** DIRECTIONS **
For the entries below, the result should be an exact transcription of the lines from the one with "Lidar Scanner and a Tripple Lens Camera" up to and including the one with "Steak fajitas ready to serve", and only those.

** Stored items from a collection **

---+---

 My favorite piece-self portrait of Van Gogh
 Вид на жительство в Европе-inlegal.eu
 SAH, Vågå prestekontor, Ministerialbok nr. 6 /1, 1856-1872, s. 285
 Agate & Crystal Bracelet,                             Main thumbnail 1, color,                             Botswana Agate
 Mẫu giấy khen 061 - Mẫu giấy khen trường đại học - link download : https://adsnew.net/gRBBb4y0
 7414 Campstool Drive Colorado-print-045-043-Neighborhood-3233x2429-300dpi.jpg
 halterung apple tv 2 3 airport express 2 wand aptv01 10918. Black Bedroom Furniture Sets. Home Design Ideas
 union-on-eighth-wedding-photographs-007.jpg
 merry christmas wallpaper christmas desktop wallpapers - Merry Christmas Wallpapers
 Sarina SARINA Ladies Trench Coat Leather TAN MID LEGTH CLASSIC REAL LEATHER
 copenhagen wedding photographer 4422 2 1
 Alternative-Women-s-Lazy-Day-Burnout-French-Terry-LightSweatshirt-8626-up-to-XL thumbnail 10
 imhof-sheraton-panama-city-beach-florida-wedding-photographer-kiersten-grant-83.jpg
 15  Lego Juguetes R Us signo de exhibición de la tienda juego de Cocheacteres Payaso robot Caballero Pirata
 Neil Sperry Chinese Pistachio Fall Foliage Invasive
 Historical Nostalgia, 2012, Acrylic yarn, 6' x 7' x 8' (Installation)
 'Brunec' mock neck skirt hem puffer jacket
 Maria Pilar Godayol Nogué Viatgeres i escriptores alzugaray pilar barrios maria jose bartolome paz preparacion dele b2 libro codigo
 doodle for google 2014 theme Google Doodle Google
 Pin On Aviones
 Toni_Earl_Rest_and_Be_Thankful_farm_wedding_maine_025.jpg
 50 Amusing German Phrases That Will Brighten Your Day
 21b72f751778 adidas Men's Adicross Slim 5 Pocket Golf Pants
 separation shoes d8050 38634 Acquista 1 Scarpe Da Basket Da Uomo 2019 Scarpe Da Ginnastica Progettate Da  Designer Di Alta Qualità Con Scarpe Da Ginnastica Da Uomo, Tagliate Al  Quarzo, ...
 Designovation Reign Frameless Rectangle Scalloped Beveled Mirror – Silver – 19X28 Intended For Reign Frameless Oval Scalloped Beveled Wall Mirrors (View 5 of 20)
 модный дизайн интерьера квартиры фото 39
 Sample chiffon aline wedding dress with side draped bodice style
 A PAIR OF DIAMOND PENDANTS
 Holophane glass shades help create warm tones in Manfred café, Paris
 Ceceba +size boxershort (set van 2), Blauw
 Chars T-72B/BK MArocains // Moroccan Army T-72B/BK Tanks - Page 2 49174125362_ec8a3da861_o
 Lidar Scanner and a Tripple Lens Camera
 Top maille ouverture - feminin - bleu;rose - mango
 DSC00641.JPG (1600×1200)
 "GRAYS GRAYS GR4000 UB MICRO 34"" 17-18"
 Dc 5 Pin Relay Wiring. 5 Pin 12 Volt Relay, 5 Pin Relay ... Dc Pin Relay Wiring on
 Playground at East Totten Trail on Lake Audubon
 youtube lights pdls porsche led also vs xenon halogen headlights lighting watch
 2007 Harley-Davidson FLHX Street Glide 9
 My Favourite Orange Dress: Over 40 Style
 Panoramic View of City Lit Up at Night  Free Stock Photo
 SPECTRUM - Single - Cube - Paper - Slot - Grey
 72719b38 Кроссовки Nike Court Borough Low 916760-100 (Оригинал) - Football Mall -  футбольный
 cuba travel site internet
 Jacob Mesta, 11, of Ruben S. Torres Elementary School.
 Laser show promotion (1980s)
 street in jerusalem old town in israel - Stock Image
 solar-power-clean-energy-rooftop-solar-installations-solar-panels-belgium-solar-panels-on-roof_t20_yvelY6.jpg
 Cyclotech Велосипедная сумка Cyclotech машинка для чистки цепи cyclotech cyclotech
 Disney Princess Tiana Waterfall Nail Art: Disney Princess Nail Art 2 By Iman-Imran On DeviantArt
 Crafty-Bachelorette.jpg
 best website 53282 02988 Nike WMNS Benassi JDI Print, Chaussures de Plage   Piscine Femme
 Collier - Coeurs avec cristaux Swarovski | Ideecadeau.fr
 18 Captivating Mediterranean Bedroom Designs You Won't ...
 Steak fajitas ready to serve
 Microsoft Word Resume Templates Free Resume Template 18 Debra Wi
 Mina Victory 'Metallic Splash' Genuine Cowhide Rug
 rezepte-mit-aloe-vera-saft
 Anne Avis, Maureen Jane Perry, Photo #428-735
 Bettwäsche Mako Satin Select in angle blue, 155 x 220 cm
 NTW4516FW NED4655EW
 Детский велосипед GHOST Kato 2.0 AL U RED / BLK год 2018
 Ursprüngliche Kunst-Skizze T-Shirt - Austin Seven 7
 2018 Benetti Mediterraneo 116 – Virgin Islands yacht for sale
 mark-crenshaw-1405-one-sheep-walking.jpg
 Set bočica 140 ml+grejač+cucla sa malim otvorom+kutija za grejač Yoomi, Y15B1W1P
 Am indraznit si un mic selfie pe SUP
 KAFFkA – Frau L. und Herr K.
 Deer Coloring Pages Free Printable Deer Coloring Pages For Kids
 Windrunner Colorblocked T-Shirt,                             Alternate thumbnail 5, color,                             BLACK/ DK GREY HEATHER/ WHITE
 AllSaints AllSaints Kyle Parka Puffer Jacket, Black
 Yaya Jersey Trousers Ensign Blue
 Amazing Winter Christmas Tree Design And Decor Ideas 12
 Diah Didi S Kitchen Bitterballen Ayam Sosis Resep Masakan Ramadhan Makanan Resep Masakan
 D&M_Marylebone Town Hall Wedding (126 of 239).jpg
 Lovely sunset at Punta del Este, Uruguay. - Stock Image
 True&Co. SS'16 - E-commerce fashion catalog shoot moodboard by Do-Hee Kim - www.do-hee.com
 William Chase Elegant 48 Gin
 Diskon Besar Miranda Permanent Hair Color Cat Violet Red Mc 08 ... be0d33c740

---+---

** OUTPUT FOR THIS EXERCISE **
 Lidar Scanner and a Tripple Lens Camera
 Top maille ouverture - feminin - bleu;rose - mango
 DSC00641.JPG (1600×1200)
 "GRAYS GRAYS GR4000 UB MICRO 34"" 17-18"
 Dc 5 Pin Relay Wiring. 5 Pin 12 Volt Relay, 5 Pin Relay ... Dc Pin Relay Wiring on
 Playground at East Totten Trail on Lake Audubon
 youtube lights pdls porsche led also vs xenon halogen headlights lighting watch
 2007 Harley-Davidson FLHX Street Glide 9
 My Favourite Orange Dress: Over 40 Style
 Panoramic View of City Lit Up at Night  Free Stock Photo
 SPECTRUM - Single - Cube - Paper - Slot - Grey
 72719b38 Кроссовки Nike Court Borough Low 916760-100 (Оригинал) - Football Mall -  футбольный
 cuba travel site internet
 Jacob Mesta, 11, of Ruben S. Torres Elementary School.
 Laser show promotion (1980s)
 street in jerusalem old town in israel - Stock Image
 solar-power-clean-energy-rooftop-solar-installations-solar-panels-belgium-solar-panels-on-roof_t20_yvelY6.jpg
 Cyclotech Велосипедная сумка Cyclotech машинка для чистки цепи cyclotech cyclotech
 Disney Princess Tiana Waterfall Nail Art: Disney Princess Nail Art 2 By Iman-Imran On DeviantArt
 Crafty-Bachelorette.jpg
 best website 53282 02988 Nike WMNS Benassi JDI Print, Chaussures de Plage   Piscine Femme
 Collier - Coeurs avec cristaux Swarovski | Ideecadeau.fr
 18 Captivating Mediterranean Bedroom Designs You Won't ...
 Steak fajitas ready to serve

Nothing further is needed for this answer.